Friday, 10 February 2012 14:22

Milk deal can turn sour

Written by 

FONTERRA’S RECENT decision to cut local milk prices was welcomed by various consumer groups and others – including many self-serving politicians – all around New Zealand.

However, while the intention may be good, it’s a move that may cause long-term problems for the dairy cooperative and its suppliers.  In fact, Fonterra’s dairy farmer owners’ could end up not so much crying over spilt milk – but split milk prices!

This move risks stoking the myth – promulgated by critics –that products should be cheaper in the country where they are made or produced. 

That is a fallacy that neither the dairy industry, the wider primary sector nor the New Zealand economy, as a whole, can afford.

Fonterra is the world’s leading supplier of premium dairy products. Fact is fresh, farmed milk costs more than manufactured drinks. Meanwhile, demand for dairy products is rising with prosperity in markets such as China and others.

The New Zealand market is one of many Fonterra supplies products to. 

It is hypocritical and an unfair expectation that New Zealand dairy farmers should have to subsidise buyers of dairy products in this country.  People living in competitive economies expect to pay international prices for all products. High world dairy prices are good news for New Zealand and we should pay no less, nor more, than milk is worth. 

New Zealand consumers don’t expect cheaper or subsidised products from the plethora of international banks, insurance and oil companies based in this country. 

Nor should they expect that of Fonterra – one of the few, truly New Zealand-based, successful international trading companies. 

It appears Fonterra’s move to cut local milk prices comes after pressure began mounting last year from consumer advocates, as well as the aforementioned self-serving politicians, about rapidly rising milk prices – in the domestic and international market. 

This led to calls for the Commerce Commission to investigate competition in wholesale and retail milk supply and for Parliament’s commerce committee to hold an inquiry.
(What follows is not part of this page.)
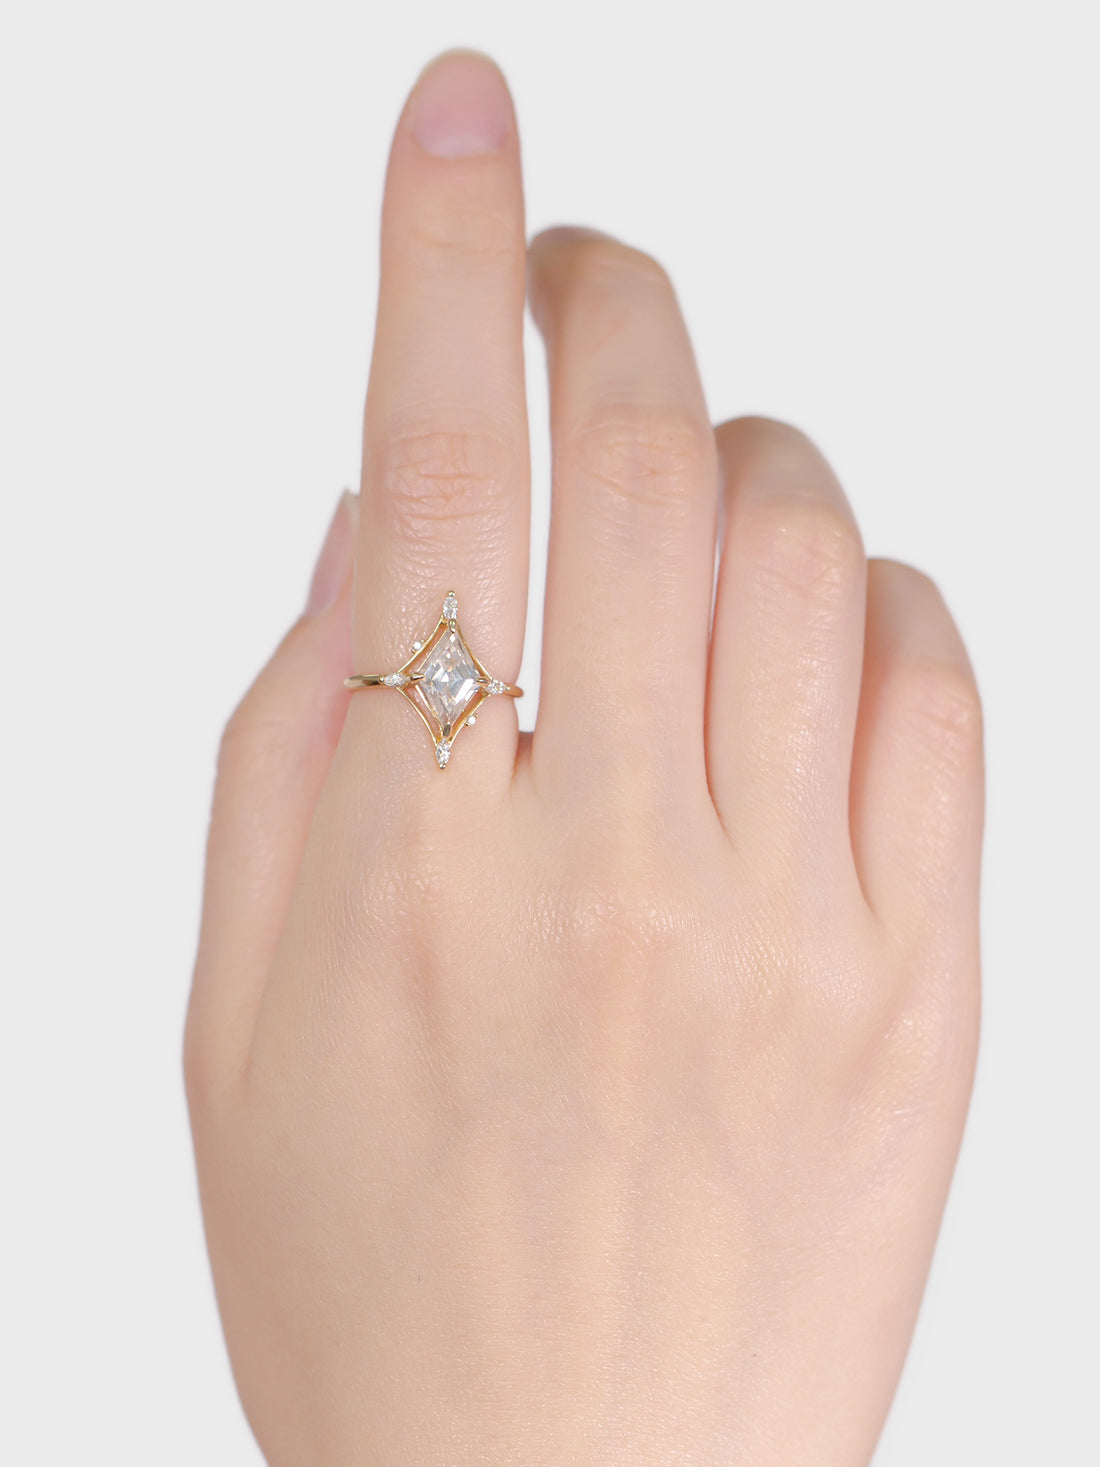 hiddenspace-jewelry-engagement-rings-dakota-moissanite-diamond-14k-yellow-gold-hand-1

The commission found supermarkets and wholesalers to be competitive enough. 

The focus then turned to the farmgate price, which is set by Fonterra. 

However, when Fonterra’s new chief executive Theo Spierings came on board last September, one of his first public utterances was a promise to look at local retail prices. The dairy co-operative seemed to take much of the sting out of the high local-price claims when, at the end of last year, it announced plans to re-introduce free milk in primary schools. 

Spierings says free milk in schools is part of a push by Fonterra to make milk more available to New Zealanders and boost local milk consumption.  As the New Zealand Herald opined in an editorial in early January: “If falling consumption is the real reason Fonterra has now decided to drop its price, it is a sound commercial decision and the company should present the decision in those terms… not pretend it is an act of generosity or protection.”

No doubt rising milk prices have made life tough for local consumers, but so have rising petrol prices and the international recession. The problem is straightforward: local dairy prices reflect international markets.
Fonterra is not doing itself, local consumers or its farmer shareholders any favours playing cheap public relations stunts (which may turn out to be rather costly) to try to appease its critics.

As former boss Andrew Ferrier explained last year when the milk price row first erupted: “Dairy prices are cyclical; they will come down again.” So when prices fall, will these same critics – who, in effect, want subsidies on local milk prices – demand domestic consumers pay a premium to dairy farmers to supplement their declining incomes?  As the Tui billboards say: Yeah, right!

Meanwhile, Fonterra will be left with a legacy of not being able to charge real prices for its products in the New Zealand market.